Interestingly, from the reproducibility point of view, what was flawed in Reinhart and Rogoff’s methodology was not the base data they drew on, but their use of the software tool Excel to explore and analyse that data. Methodological flaws were uncovered by Herndon in examining their use of the tool. Without the use of the same software that Reinhart and Rogoff had employed in reaching their conclusions, Herndon, Ash and Pollin would likely never have got to the bottom of why those results were not reproducible using the same data set.

It follows that not only the data ought to be open to the scrutiny of peer review in an instance like this, but also the software. Since everything that involves data nowadays involves software to some degree, the software becomes a central artifact in the presentation of scholarly results.

In our increasingly computer-centric working environment, without the software used to analyse, explore, model, visualise and in other ways draw inferences from base data, we are missing an important part of the picture.

Excel is a universally familiar piece of software (albeit a relatively unsophisticated one) but other more specialised tools such as MATLAB are routinely used within the scientific community and by researchers in disciplines as diverse as engineering, economics and social science to perform operations on data that result in published science.

MATLAB goes beyond Excel in that its output might not be just a set of numbers (such as Reinhart and Rogoff’s 90 per cent), but an algorithm. Frequently the output, the conclusion, the result of a given piece of research in certain academic disciplines is an algorithm.

If you want to look under the hood of that algorithm, for the purposes of peer-review scrutiny or reproducibility, you might well need to access the software that produced it. And you might also want to see the algorithm in action.

There are many ways to represent algorithms – including as formulae, flowcharts and in natural language. However, arguably the best way is by using the programming languages that were written specifically for the purpose and, of course, programming languages were created not just to represent algorithms, but to actualise them. It is logical therefore that MATLAB produces not only algorithms but also executables – i.e. software.

For a good example of an academic field where the output of research is software, just look at IPOL, the research journal of image processing and image analysis. Each of the articles in this online journal has a text description of an algorithm and source code, but also an ‘online demonstration facility’ that allows you to play with the executable in real time. Both text and source code are peer-reviewed.

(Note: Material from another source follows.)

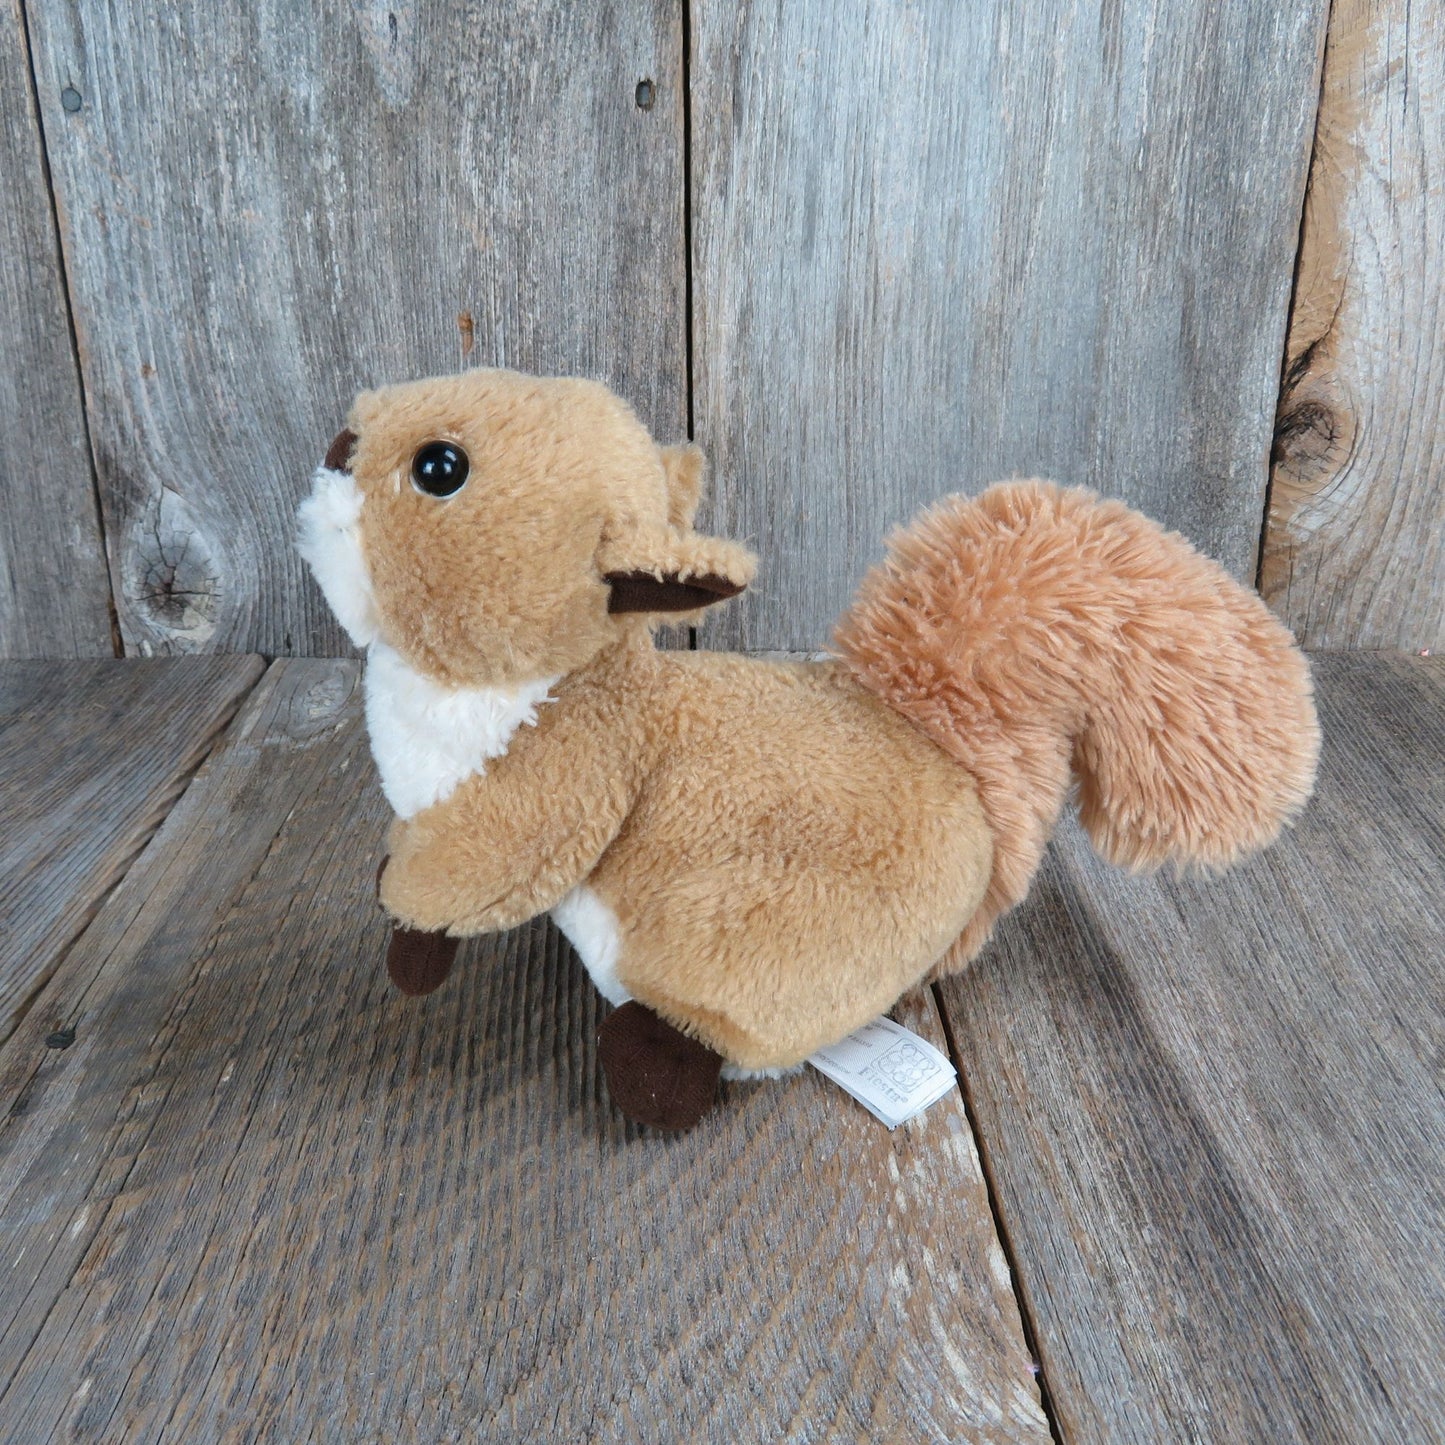 Squirrel Stuffed Animal Fiesta Plush Chipmunk Tan Brown Paws White Belly

In launching the journal GigaScience last year, its editors spoke of ‘overseeing the transition from papers to executable research objects’. This represents a view of academic publishing that embraces the reality of an increasingly ‘born digital’ research process.

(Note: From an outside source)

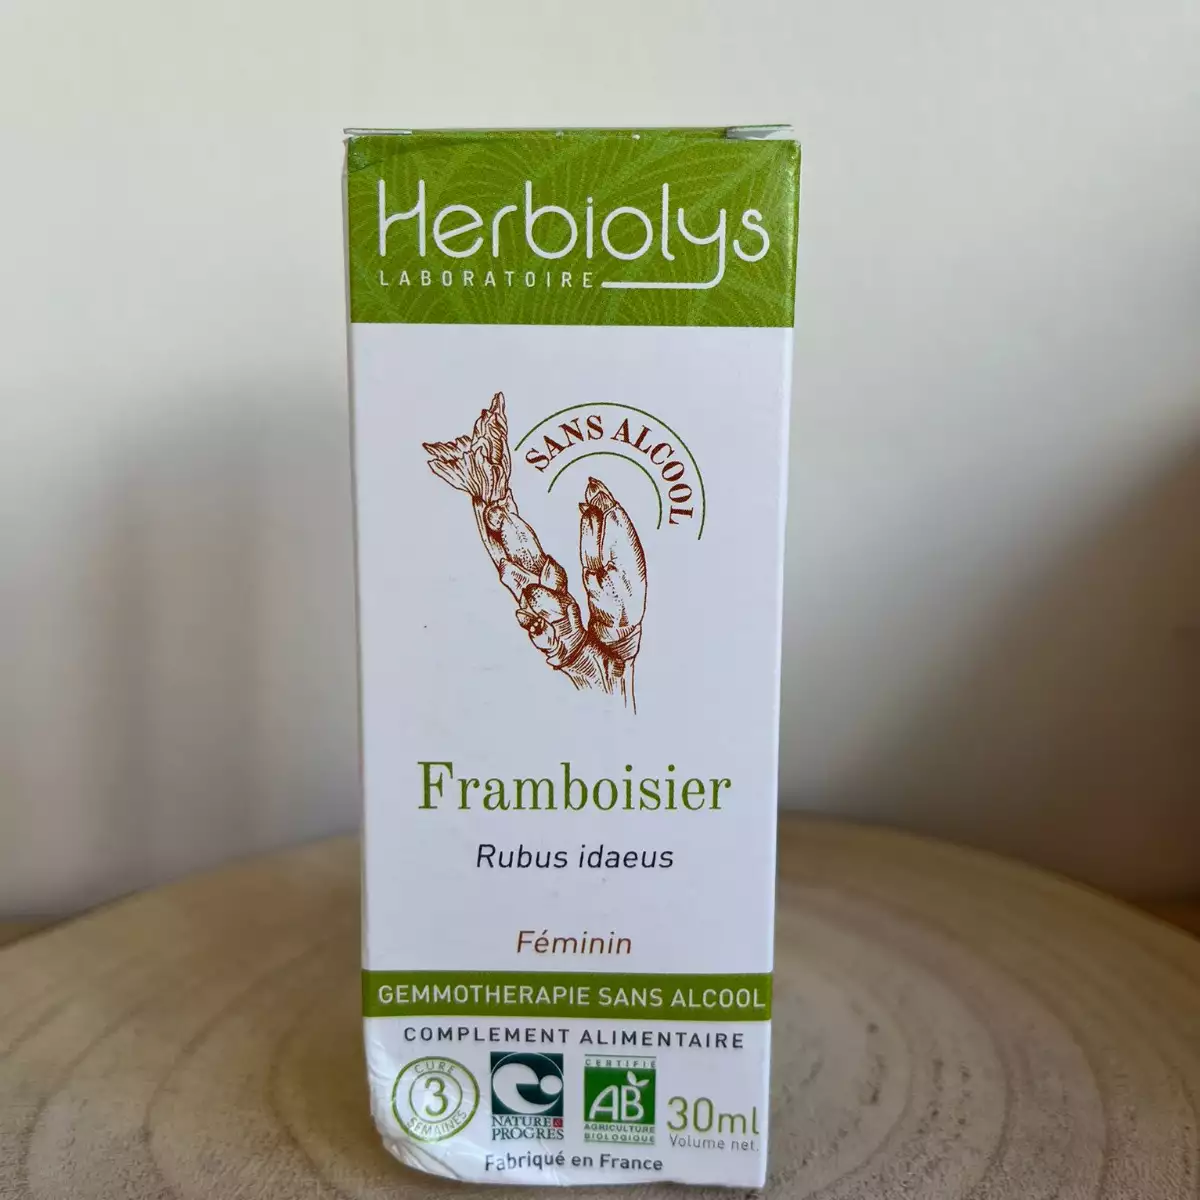 Framboisier - Herbiolys

Clearly, not every item of published research needs to include a piece of software. But if we restrict our vision of scholarly publishing to just articles and data we risk ignoring the other digital bits and pieces that now rightfully belong in the scholarly record – and without which it cannot properly be understood and scrutinised.

It’s clear that the classic functions of scholarly publication, namely registration, certification, awareness, archiving and reward will all have to apply to data and software as much as they do for textual works at the moment.

There is much for publishers to think about here, and I’m aware that I’m raising questions that do not all presently have answers. Indeed, it was encouraging to see some of these themes addressed at the recent Beyond The PDF 2conference, where projects such as Reprozip were presented as ways of addressing the reproducibility issue. I believe, however, that our view of the scholarly record must be broadened to include software as well as data, as this forms a significant part of research practice today. In this context the practice of publishing plain PDF files as a print analogue will become increasingly antiquated.